BRIEF DESCRIPTION OF THE DRAWINGS
[0027] The foregoing and other objects, features and advantages of
the invention will be apparent from the more particular description
of preferred aspects of the invention, as illustrated in the
accompanying drawings in which like reference characters refer to
the same parts throughout the different views.
[0028] The drawings are not necessarily to scale, emphasis instead
being placed upon illustrating the principles of the invention.
[0029] FIG. 1 is a cross-sectional view of a burn-in test
apparatus.
[0030] FIG. 2 is a perspective view of a test socket according to
the present invention.
[0031] FIG. 3 is a top plan view of the test socket of FIG. 2.

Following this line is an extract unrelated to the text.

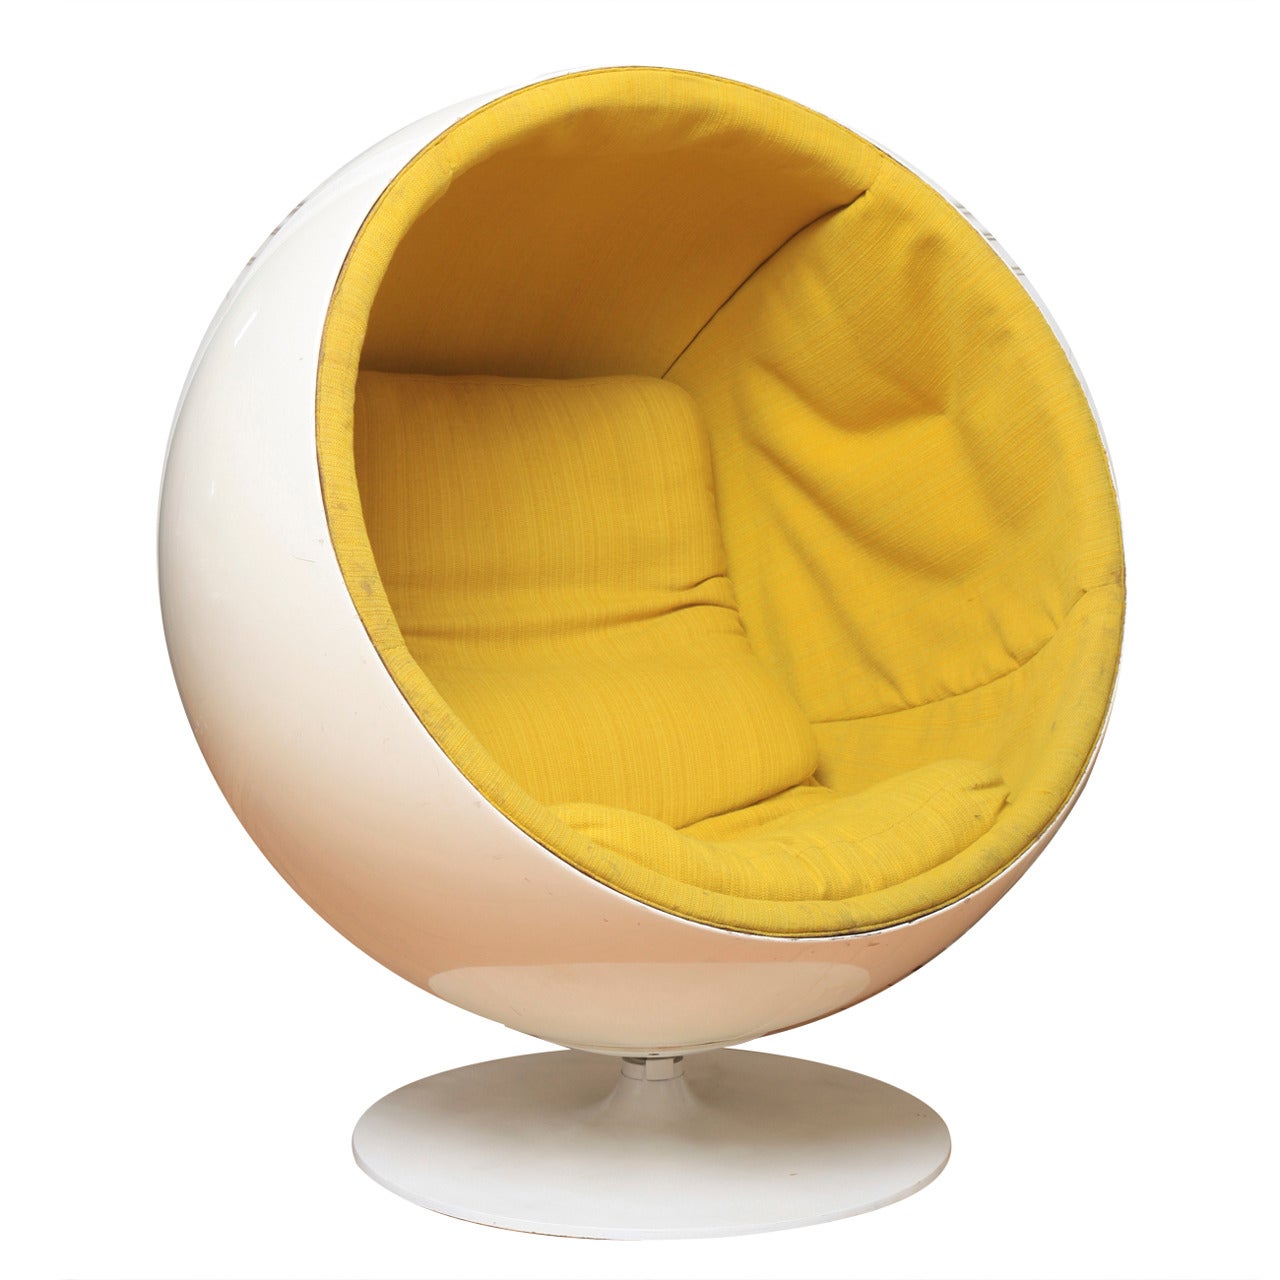 Ball chair by Eero Aarnio

[0032] FIG. 4 is a cross-sectional view taken along a line I-I' of
FIG. 2.
[0033] FIG. 5 is a cross-sectional view taken along a line II-II'
of FIG. 3.
[0034] FIG. 6 is an exploded perspective view of an adaptor and a
contact sheet according to the invention.

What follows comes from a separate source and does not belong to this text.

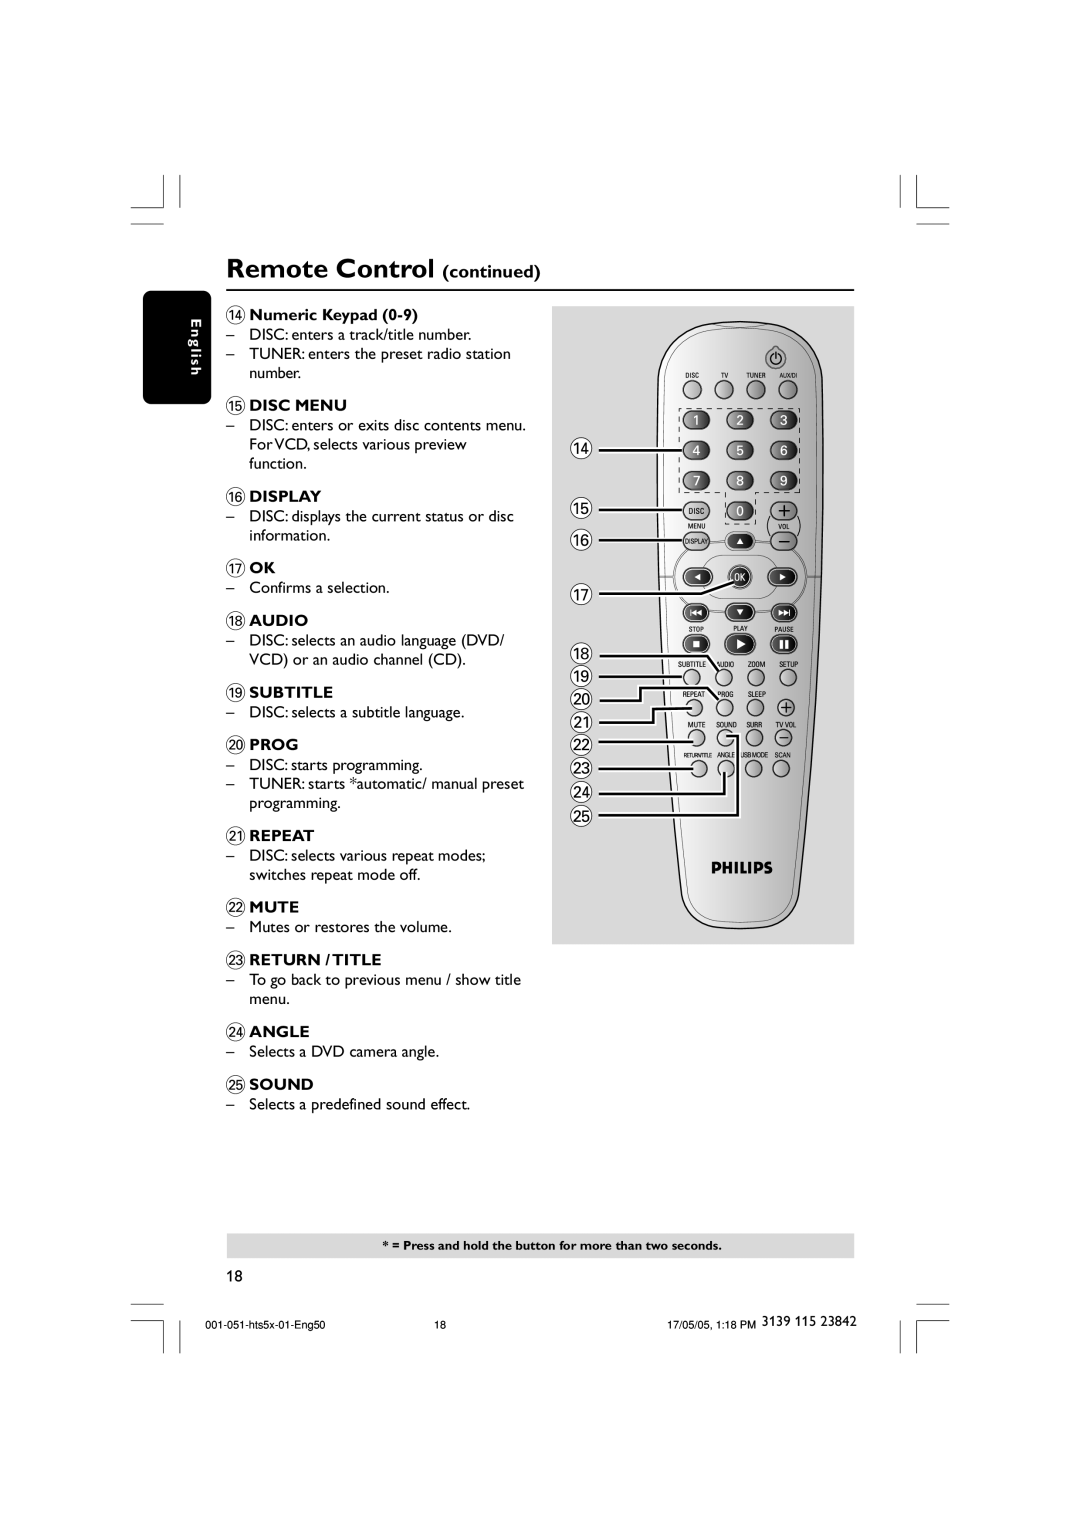 Philips HTS5000W Remote Control continued, $ %, £ ≤ ∞, $Numeric Keypad, Disc Menu, Display, Audio, Subtitle, Prog, ¡Repeat

[0035] FIG. 7 illustrates a contact sheet is inserted into an
insert slot according to the invention.
[0036] FIG. 8 illustrates an adaptor coupled with a body while a
contact sheet is coupled with the adaptor according to the
invention.
[0037] FIG. 9 illustrates a semiconductor package loaded on a
contact sheet by means of an adaptor according to the
invention.
[0038] FIG. 10 and FIG. 11 illustrate a semiconductor package fixed
by means of a latch illustrated in FIG. 2 according to the
invention.
[0039] FIG. 12 illustrates an alternative adaptor according to the
present invention.
[0040] FIG. 13 is a perspective view of a head assembly of a test
apparatus according to the present invention.
[0041] FIG. 14 is a top plan view of the head assembly of FIG.
13.
[0042] FIG. 15 is a front view of the head assembly of FIG. 13.
[0043] FIG. 16 is a perspective view of a unit head assembly
illustrated in FIG. 13.
[0044] FIG. 17 is a reverse perspective view of a unit head
assembly illustrated in FIG. 13.
[0045] FIG. 18 illustrates a semiconductor package loaded by means
of a head assembly illustrated in FIG. 13.
DETAILED DESCRIPTION OF PREFERRED EMBODIMENTS
[0046] The present invention will now be described more fully
hereinafter with reference to the accompanying drawings, in which
preferred embodiments of the invention are shown. This invention,
however, may be embodied in many different forms and should not be
construed as limited to the embodiments set forth herein. Rather,
these embodiments are provided so that this disclosure will be
thorough and complete, and will fully convey the scope of the
invention to those skilled in the art.
[0047] Referring to FIG. 1, a burn-in test apparatus 300 is a
monitoring burn-in test apparatus configured to perform a burn-in
test for a semiconductor package 10. The burn-in test apparatus 300
adjusts a test temperature condition using heated air.
[0048] The burn-in test apparatus 300 includes a burn-in chamber
350 sealed from the outside, a heating part 370 heating air to
adjust test conditions, an air supply duct 380 to supply heated air
into the burn-in chamber 350, and an exhaust duct 410 to exhaust
the air of the burn-in chamber 350 to the outside.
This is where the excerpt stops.